[Records from a data collection]

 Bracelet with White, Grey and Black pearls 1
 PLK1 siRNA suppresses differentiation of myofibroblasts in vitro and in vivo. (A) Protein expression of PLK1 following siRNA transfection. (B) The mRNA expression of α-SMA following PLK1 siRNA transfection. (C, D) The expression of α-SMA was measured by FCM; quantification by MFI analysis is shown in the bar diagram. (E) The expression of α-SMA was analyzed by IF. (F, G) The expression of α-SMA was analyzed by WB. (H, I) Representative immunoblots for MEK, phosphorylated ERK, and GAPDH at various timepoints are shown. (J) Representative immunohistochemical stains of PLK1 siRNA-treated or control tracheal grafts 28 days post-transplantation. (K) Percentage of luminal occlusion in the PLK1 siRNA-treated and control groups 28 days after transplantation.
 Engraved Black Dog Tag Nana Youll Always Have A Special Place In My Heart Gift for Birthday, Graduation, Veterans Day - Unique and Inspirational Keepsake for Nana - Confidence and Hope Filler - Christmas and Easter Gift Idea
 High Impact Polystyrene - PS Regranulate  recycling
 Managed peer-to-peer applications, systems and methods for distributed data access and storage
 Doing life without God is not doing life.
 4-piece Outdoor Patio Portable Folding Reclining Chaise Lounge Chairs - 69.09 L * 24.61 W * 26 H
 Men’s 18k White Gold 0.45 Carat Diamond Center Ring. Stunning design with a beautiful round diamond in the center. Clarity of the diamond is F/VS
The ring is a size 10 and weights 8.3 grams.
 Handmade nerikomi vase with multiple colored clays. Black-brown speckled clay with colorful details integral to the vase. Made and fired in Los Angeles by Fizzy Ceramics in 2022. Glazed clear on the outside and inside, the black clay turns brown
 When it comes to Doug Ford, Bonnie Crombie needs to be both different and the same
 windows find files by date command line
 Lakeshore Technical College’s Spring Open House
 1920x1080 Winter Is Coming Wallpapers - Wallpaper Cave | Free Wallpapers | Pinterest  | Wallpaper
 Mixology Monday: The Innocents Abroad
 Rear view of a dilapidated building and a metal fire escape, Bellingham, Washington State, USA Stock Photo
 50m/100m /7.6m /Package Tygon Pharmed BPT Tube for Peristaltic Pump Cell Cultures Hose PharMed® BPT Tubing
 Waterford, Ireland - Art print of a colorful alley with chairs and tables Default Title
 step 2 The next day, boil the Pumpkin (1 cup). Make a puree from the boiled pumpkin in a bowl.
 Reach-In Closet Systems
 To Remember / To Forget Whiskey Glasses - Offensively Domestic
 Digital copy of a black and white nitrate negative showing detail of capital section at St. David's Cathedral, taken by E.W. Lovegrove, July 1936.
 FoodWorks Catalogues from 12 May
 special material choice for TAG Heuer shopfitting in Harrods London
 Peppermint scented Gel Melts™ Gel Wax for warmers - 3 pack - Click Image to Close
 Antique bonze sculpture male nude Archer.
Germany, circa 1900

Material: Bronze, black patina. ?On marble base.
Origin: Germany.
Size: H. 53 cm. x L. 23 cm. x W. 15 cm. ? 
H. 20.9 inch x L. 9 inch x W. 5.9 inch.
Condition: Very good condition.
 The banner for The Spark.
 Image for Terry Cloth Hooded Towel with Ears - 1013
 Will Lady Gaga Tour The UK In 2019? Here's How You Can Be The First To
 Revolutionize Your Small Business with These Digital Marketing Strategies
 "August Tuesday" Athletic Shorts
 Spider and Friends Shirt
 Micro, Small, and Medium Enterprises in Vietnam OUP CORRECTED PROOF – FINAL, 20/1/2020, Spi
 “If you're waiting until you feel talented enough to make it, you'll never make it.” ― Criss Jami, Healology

### ACTIVITY
From the records above, give again exactly the lines running from the line with "The ring is a size 10 and weights 8.3 grams." to the line with "Waterford, Ireland - Art", inclusive.

### ANSWER AREA
The ring is a size 10 and weights 8.3 grams.
 Handmade nerikomi vase with multiple colored clays. Black-brown speckled clay with colorful details integral to the vase. Made and fired in Los Angeles by Fizzy Ceramics in 2022. Glazed clear on the outside and inside, the black clay turns brown
 When it comes to Doug Ford, Bonnie Crombie needs to be both different and the same
 windows find files by date command line
 Lakeshore Technical College’s Spring Open House
 1920x1080 Winter Is Coming Wallpapers - Wallpaper Cave | Free Wallpapers | Pinterest  | Wallpaper
 Mixology Monday: The Innocents Abroad
 Rear view of a dilapidated building and a metal fire escape, Bellingham, Washington State, USA Stock Photo
 50m/100m /7.6m /Package Tygon Pharmed BPT Tube for Peristaltic Pump Cell Cultures Hose PharMed® BPT Tubing
 Waterford, Ireland - Art print of a colorful alley with chairs and tables Default Title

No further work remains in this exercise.